Well, it does use the DB method sqlSelectMany... which is abstracted in
theory. I can't see any way of getting around referring to certain fields
and tables in the database, though. I was trying to do this in the
templates to avoid having trouble managing changes to the perl modules or
.pl files.
Which brings up a big question that's been irritating me: how do the
templates really help the customization situation? With slash 2 we can
now make most of our changes in the templates, so the perl code is easy to
upgrade because we haven't needed to mess with it. But the templates go
through significant revisions too so we have to manage a similar amount of
change to upgrade. It's actually more of a pain because I find writing
perlish things in the templates awkward, and it would be easier to just
edit the perl code and manage changes there anyway.

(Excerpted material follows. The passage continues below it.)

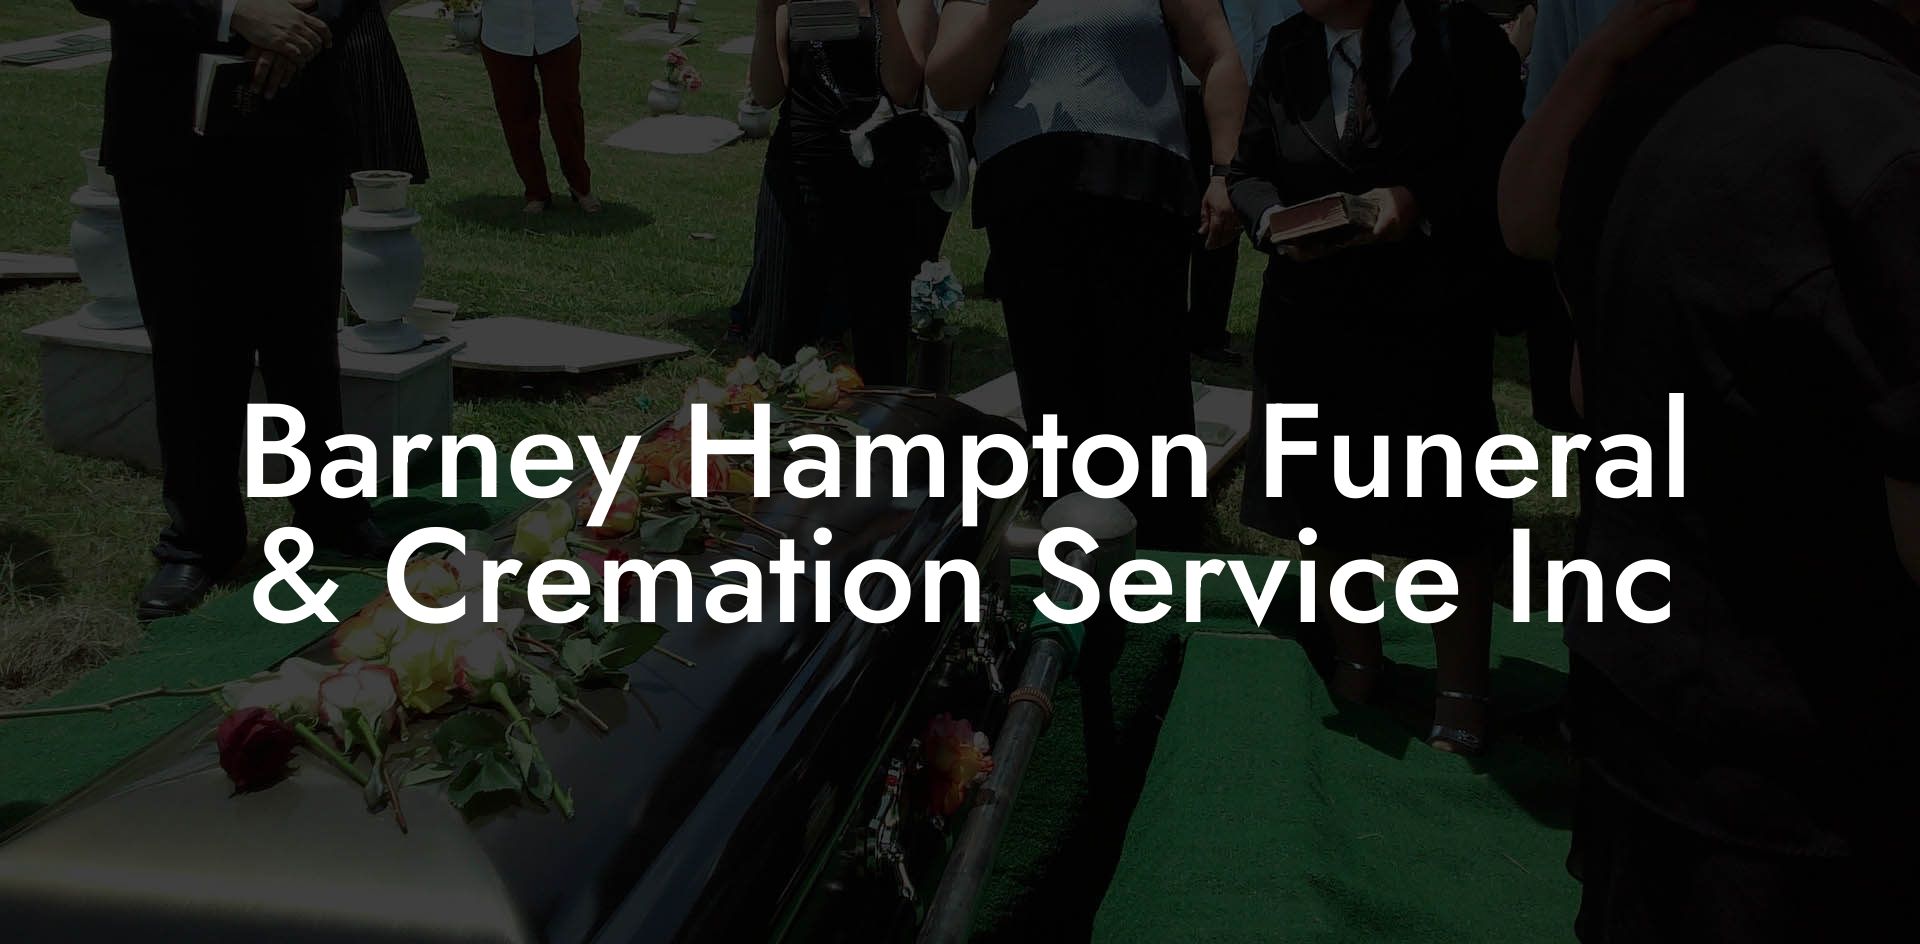 Barney Hampton Funeral & Cremation Service Inc
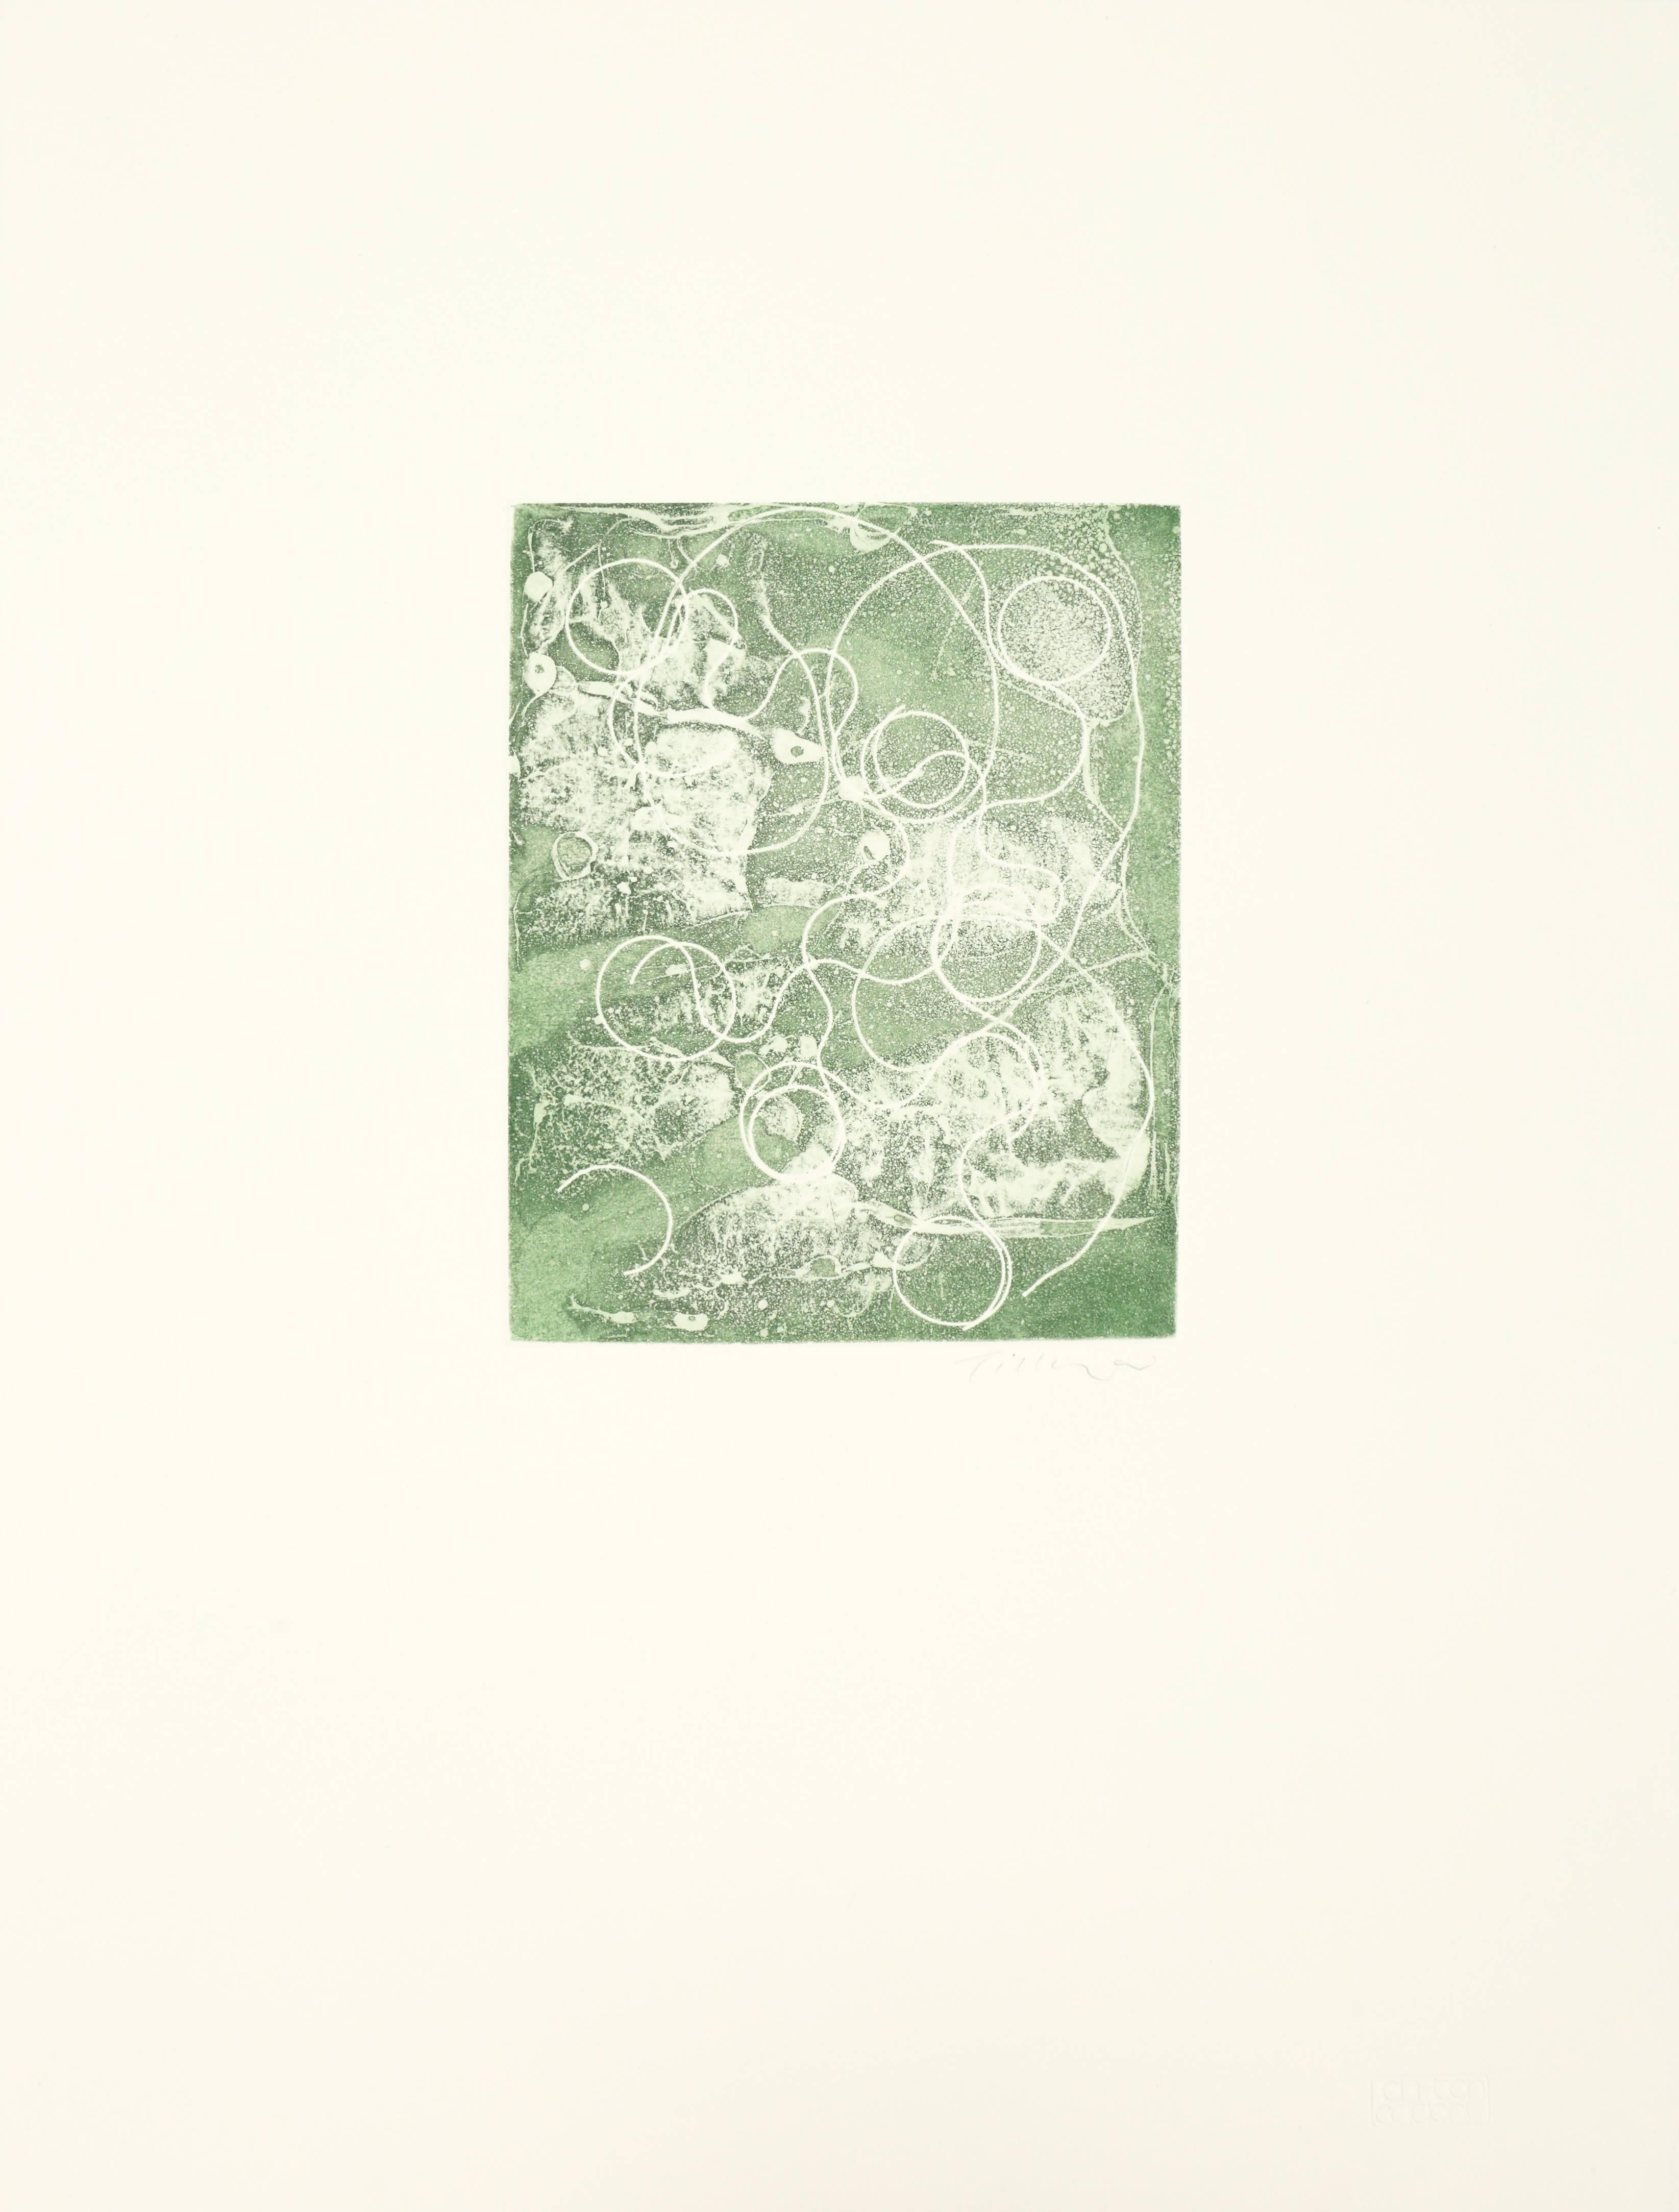 Abstract Print William Tillyer - Extract de fleur de laurier

I know that you have lots of other things on your mind than another big
architecture shift, but what would be more useful and extensible, I think,
is to use inheritance more. Somehow my theme or plugin should be able to
inherit from the standard one -- that way changes to the distribution
could often be inherited by custom themes and plugins.
Like... I want a book reviews section and each story needs to have extra
fields like ISBN nad stuff. So I subclass the Slash::Story
object using this sort of thing:
package Slash::Story::BookReview;
push @ISA, 'Slash::Story';
sub display {
# copy Slash::Story's display sub here and modify it
}
sub display_edit_form {
$self->SUPER::display_edit_form;
# print extra field edit stuff here... second form?
}
sub save {
$self->SUPER::save();
# save extra fields here
}
sub display_submit_form {
# same thing, etc.
}
But most of the story's subs would stay the same so we'd just inherit them
automatically and not have to redefine them.